Humidification and drying process As described in International Publication No. WO95 / 20380 pamphlet (US corresponding patent No. 5576014), when an orally disintegrating tablet is produced using a sugar having low moldability, In order to increase the hardness, humidification and drying processes can be employed. “Humidification” is determined by the apparent critical relative humidity of the saccharides contained, but usually humidifies above its critical relative humidity. For example, the humidity is 30 RH% or more and 100 RH% or less, and in another aspect, it is 50 RH% or more and 90 RH% or less. The temperature at this time is preferably 15 ° C. or more and 50 ° C. or less, and in another embodiment, it is 20 ° C. or more and 40 ° C. or less. The treatment time is 1 hour or more and 36 hours or less, and in another aspect, 12 hours or more and 24 hours or less. “Drying” is not particularly limited as long as it is a step of removing moisture absorbed by humidification. For example, the drying temperature condition can be set to 10 ° C. or more and 100 ° C. or less, and in another embodiment, 20 ° C. or more and 60 ° C. or less can be set. The treatment time can be 0.5 hours or more and 6 hours or less, and in another aspect, it can be 1 hour or more and 4 hours or less.
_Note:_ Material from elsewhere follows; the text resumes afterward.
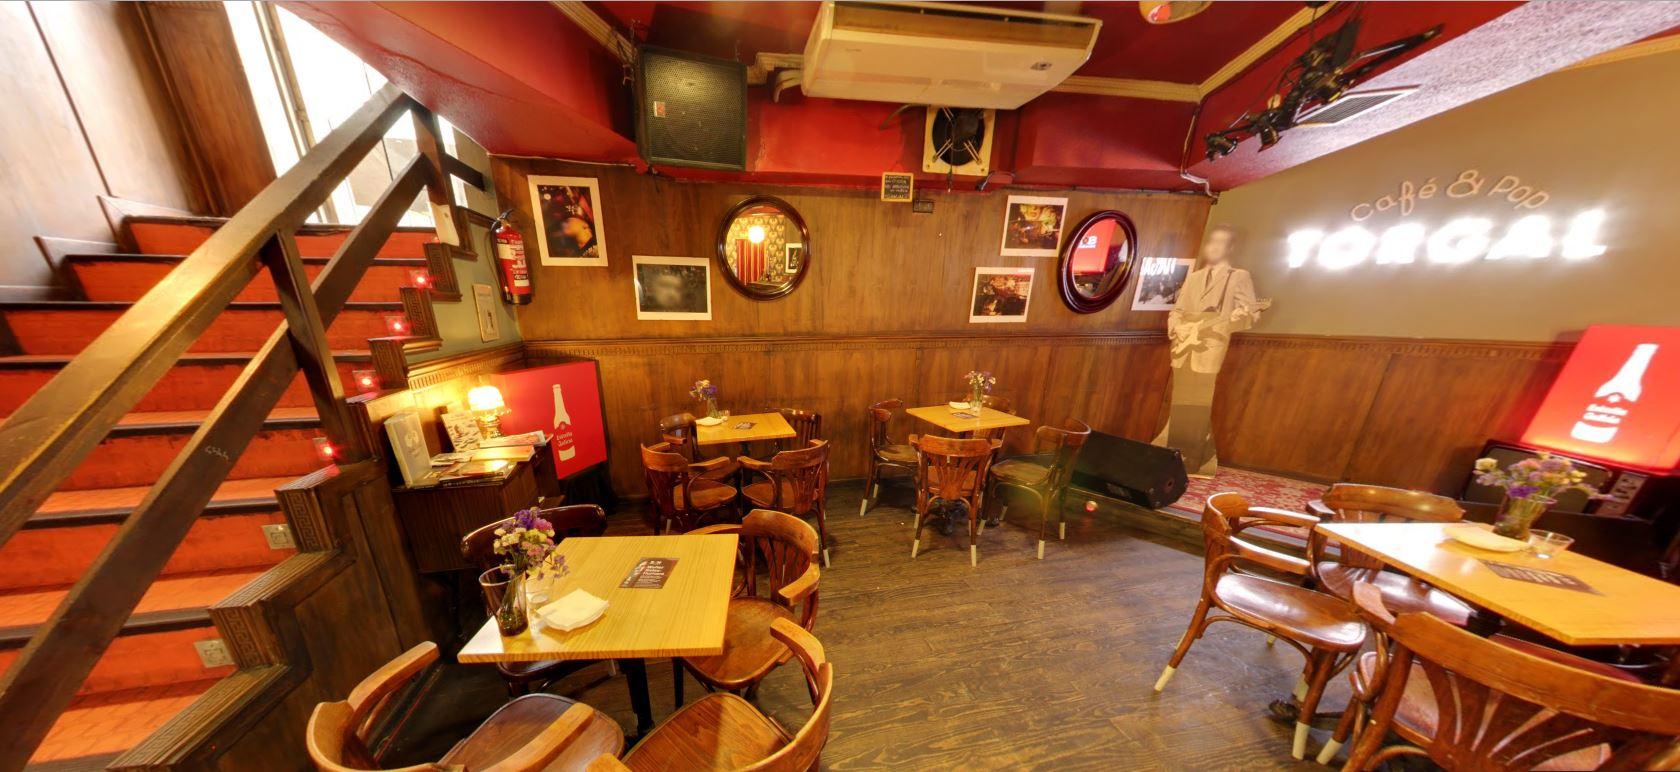 Cafe torgal ourense ourenseando

  In addition, for example, as disclosed in International Publication No. WO2002 / 92057 pamphlet (US patent application publication No. 2003/099701 specification), an orally disintegrating tablet is produced using an excipient with a high melting point and a low sugar. In this case, a heating step can be employed to increase the hardness of the prepared molded product. “Heating” is determined by the melting point of the saccharide having a low melting point, and is usually heated to a temperature not lower than the melting point of the excipient having a high melting point and not lower than the melting point of the saccharide having a low melting point. The treatment time can be 0.5 minutes or more and 120 minutes or less, and in another aspect, it can be 1 minute or more and 60 minutes or less.

  In the orally disintegrating tablet of the present invention, agar and / or agar powder is used. Thereby, an orally disintegrating tablet having bioequivalence to a normal tablet can be provided. This is thought to be because Kanten and / or Kanten powder have a function of suppressing the delay of movement speed and absorption of ramosetron or a pharmaceutically acceptable salt thereof in the oral cavity or esophagus.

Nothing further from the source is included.